→ **What to do**
From the first line to the last, copy the material word for word; pictures stay out.

→ **Supplied data**
==================================================
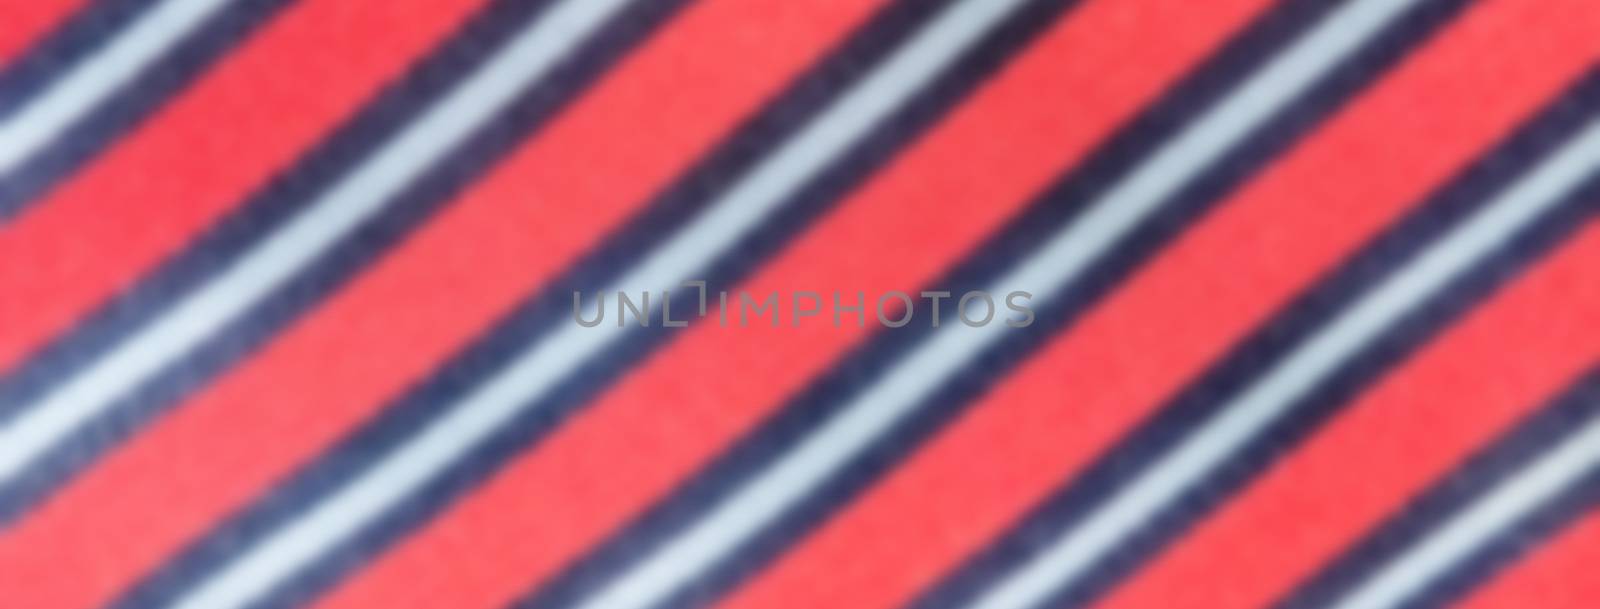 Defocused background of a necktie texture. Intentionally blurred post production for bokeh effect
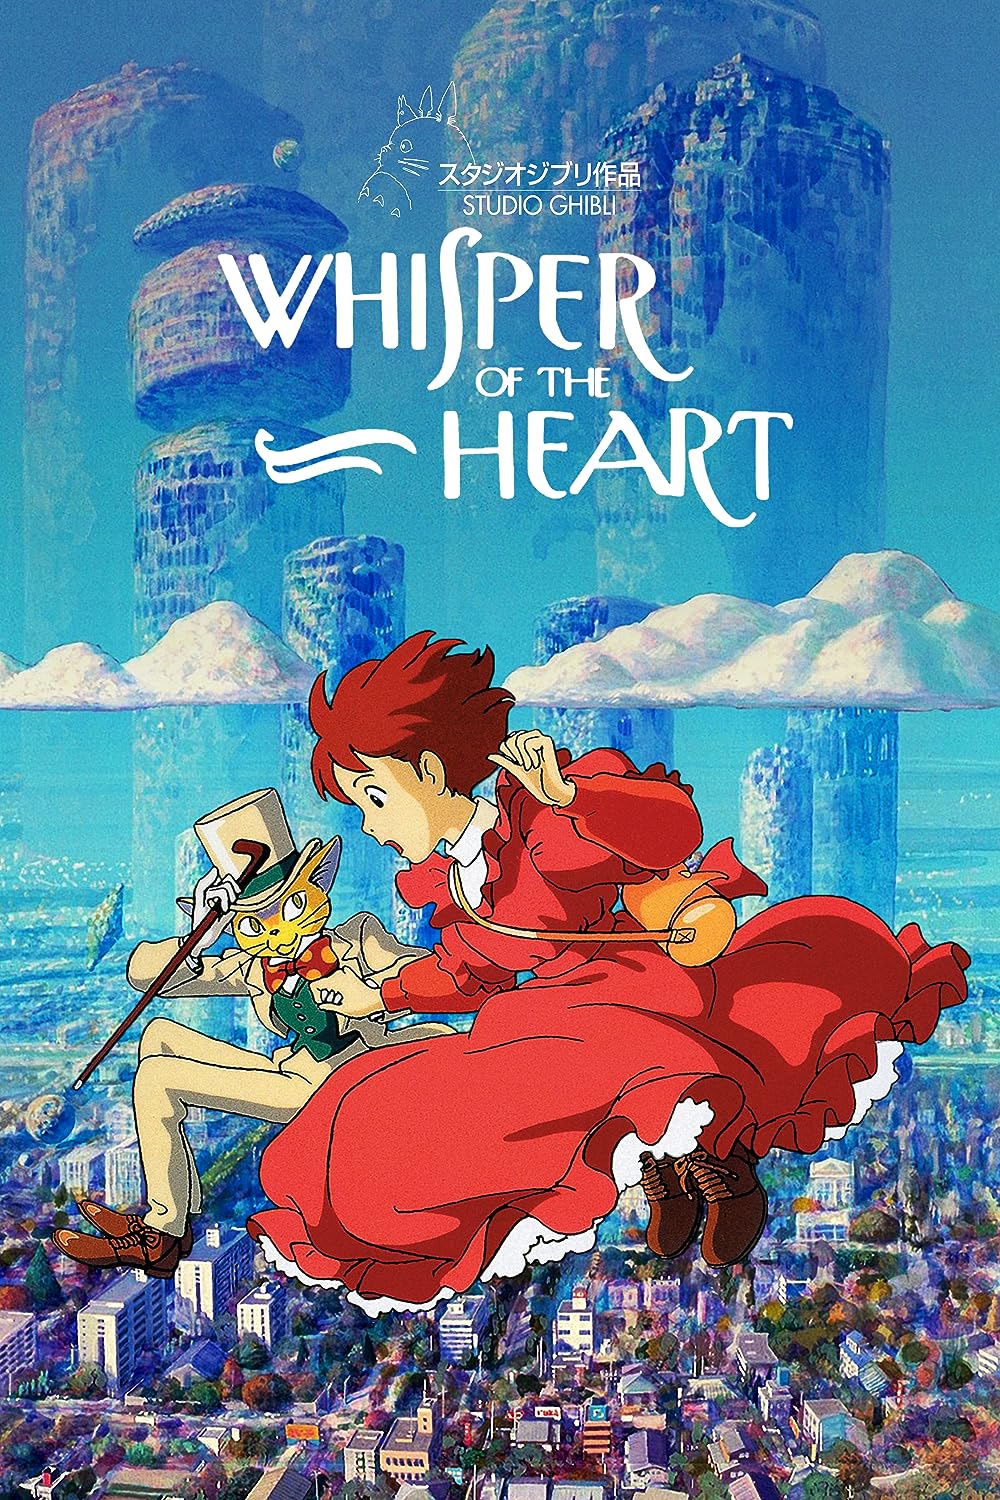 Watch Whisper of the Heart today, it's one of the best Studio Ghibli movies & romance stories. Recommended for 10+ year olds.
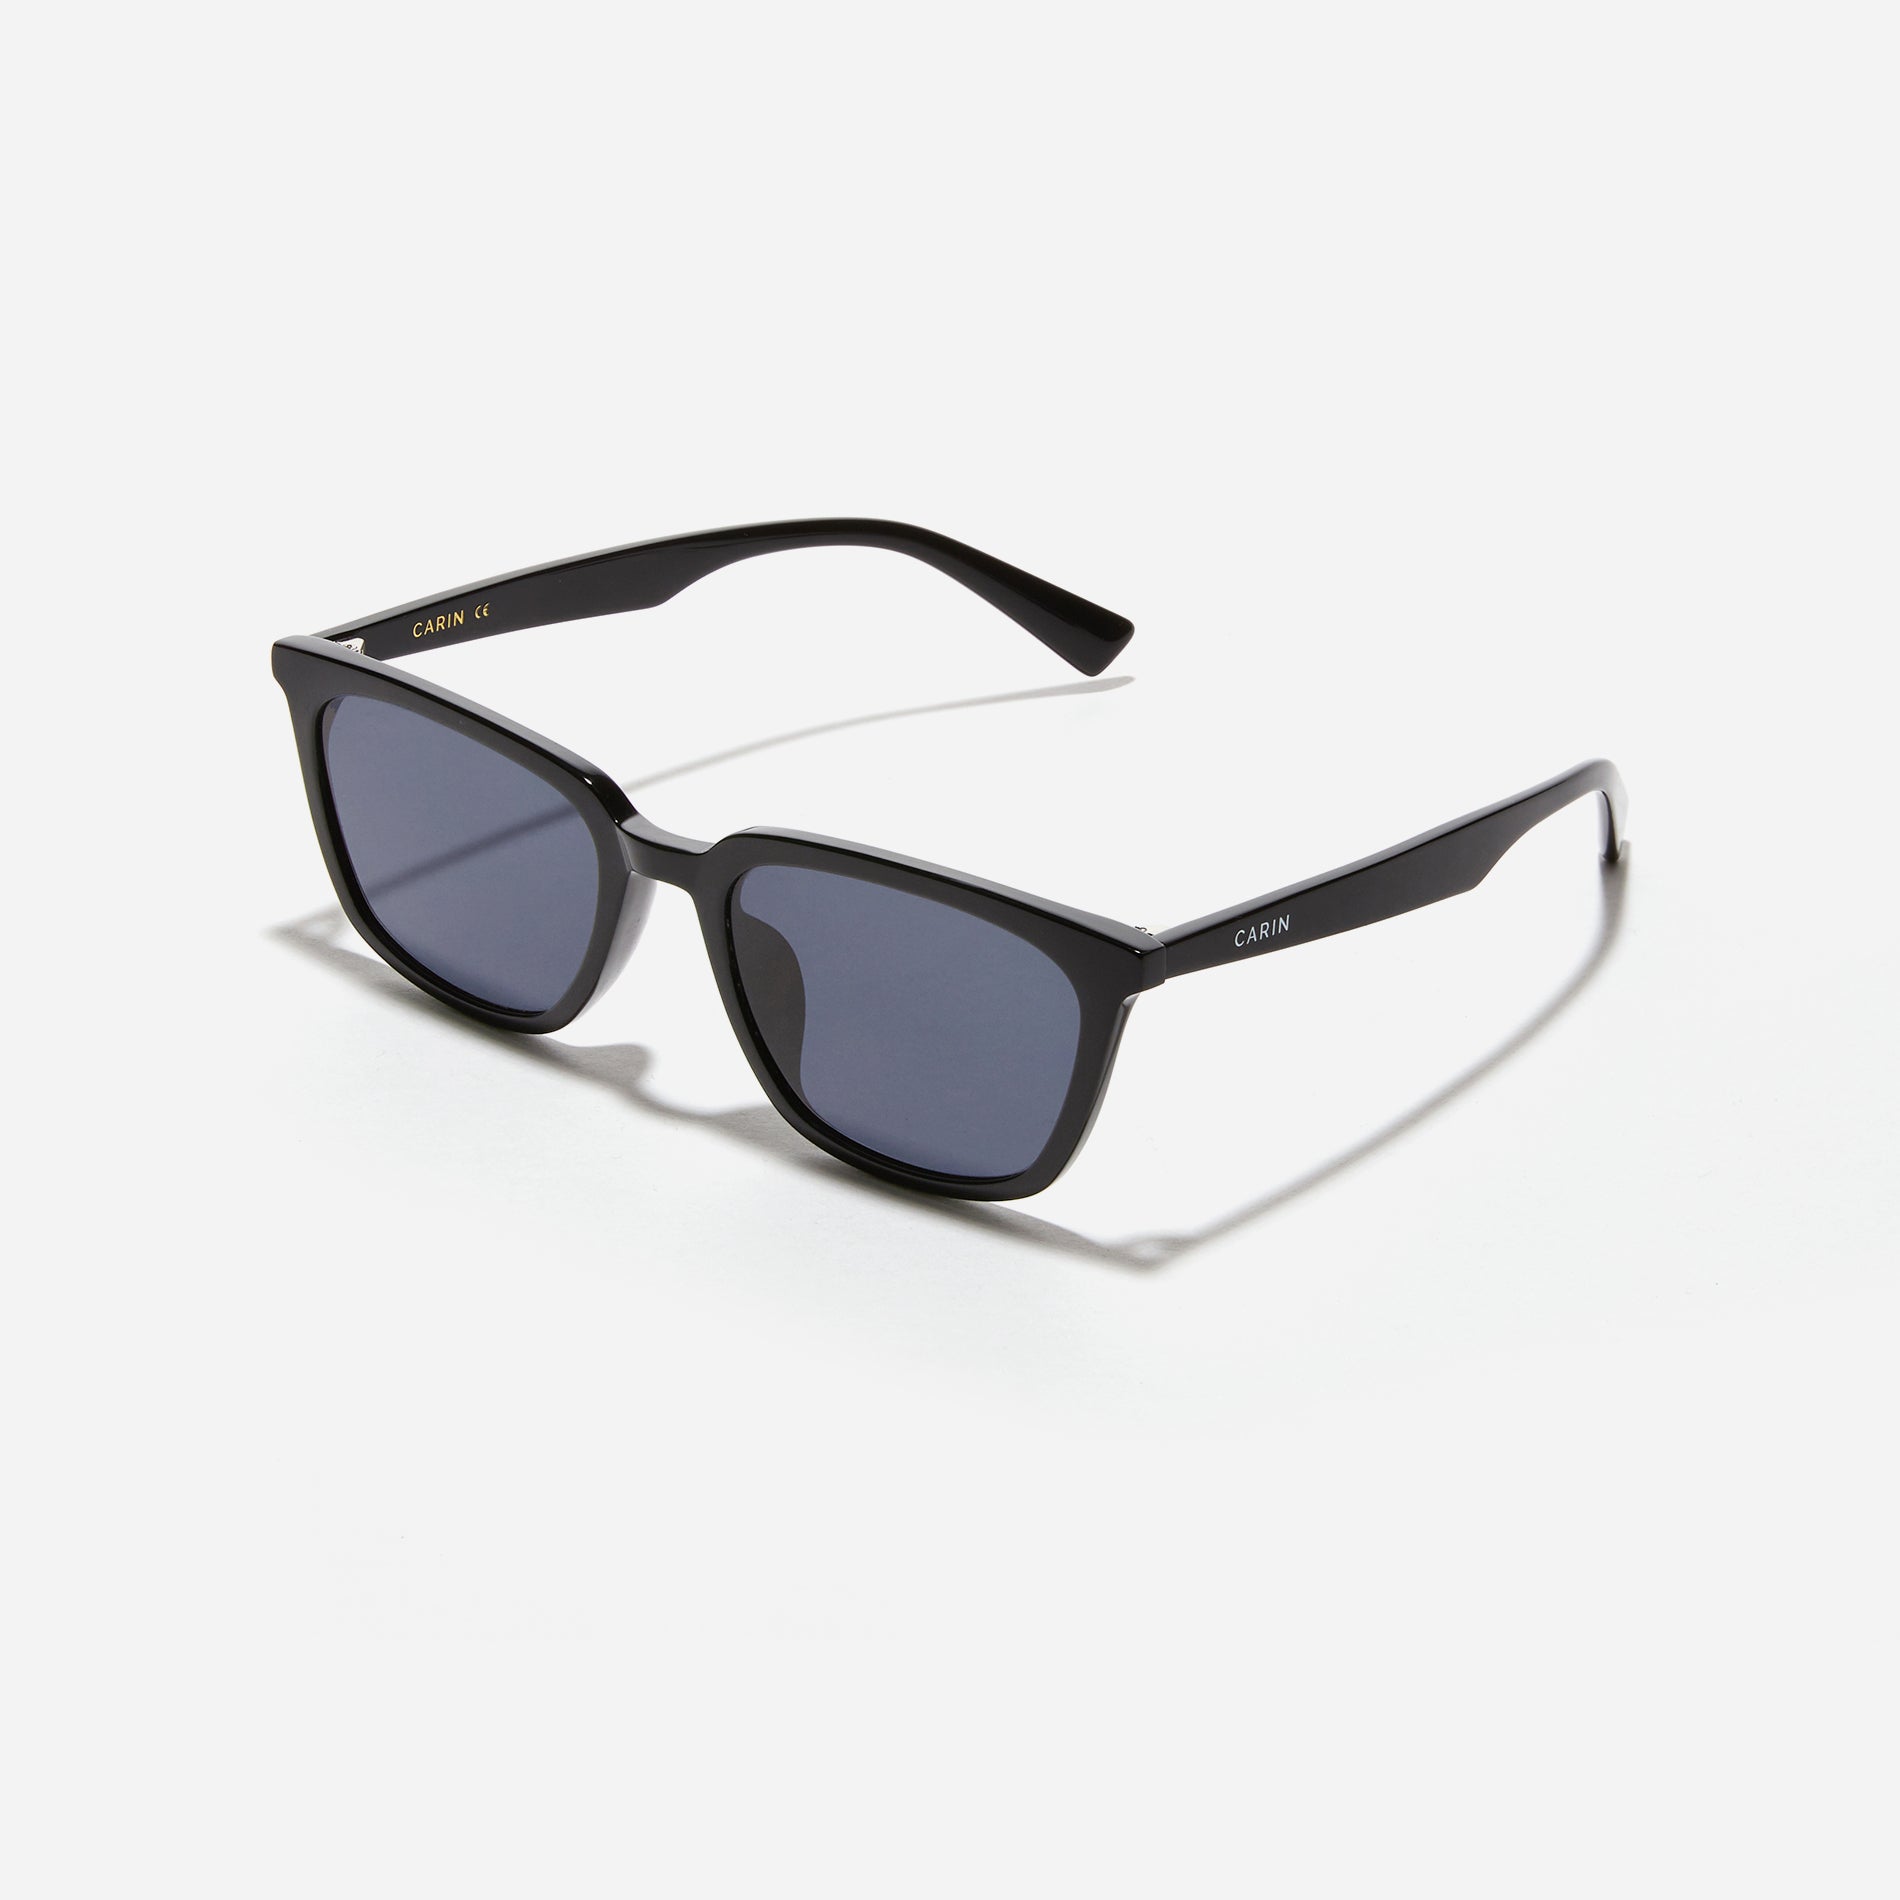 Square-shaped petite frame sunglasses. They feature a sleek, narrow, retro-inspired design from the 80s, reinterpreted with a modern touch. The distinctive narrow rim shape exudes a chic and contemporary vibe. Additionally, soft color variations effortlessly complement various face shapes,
==================================================
→ **Exercise response**
 Defocused background of a necktie texture. Intentionally blurred post production for bokeh effect
 Watch Whisper of the Heart today, it's one of the best Studio Ghibli movies & romance stories. Recommended for 10+ year olds.
 Square-shaped petite frame sunglasses. They feature a sleek, narrow, retro-inspired design from the 80s, reinterpreted with a modern touch. The distinctive narrow rim shape exudes a chic and contemporary vibe. Additionally, soft color variations effortlessly complement various face shapes,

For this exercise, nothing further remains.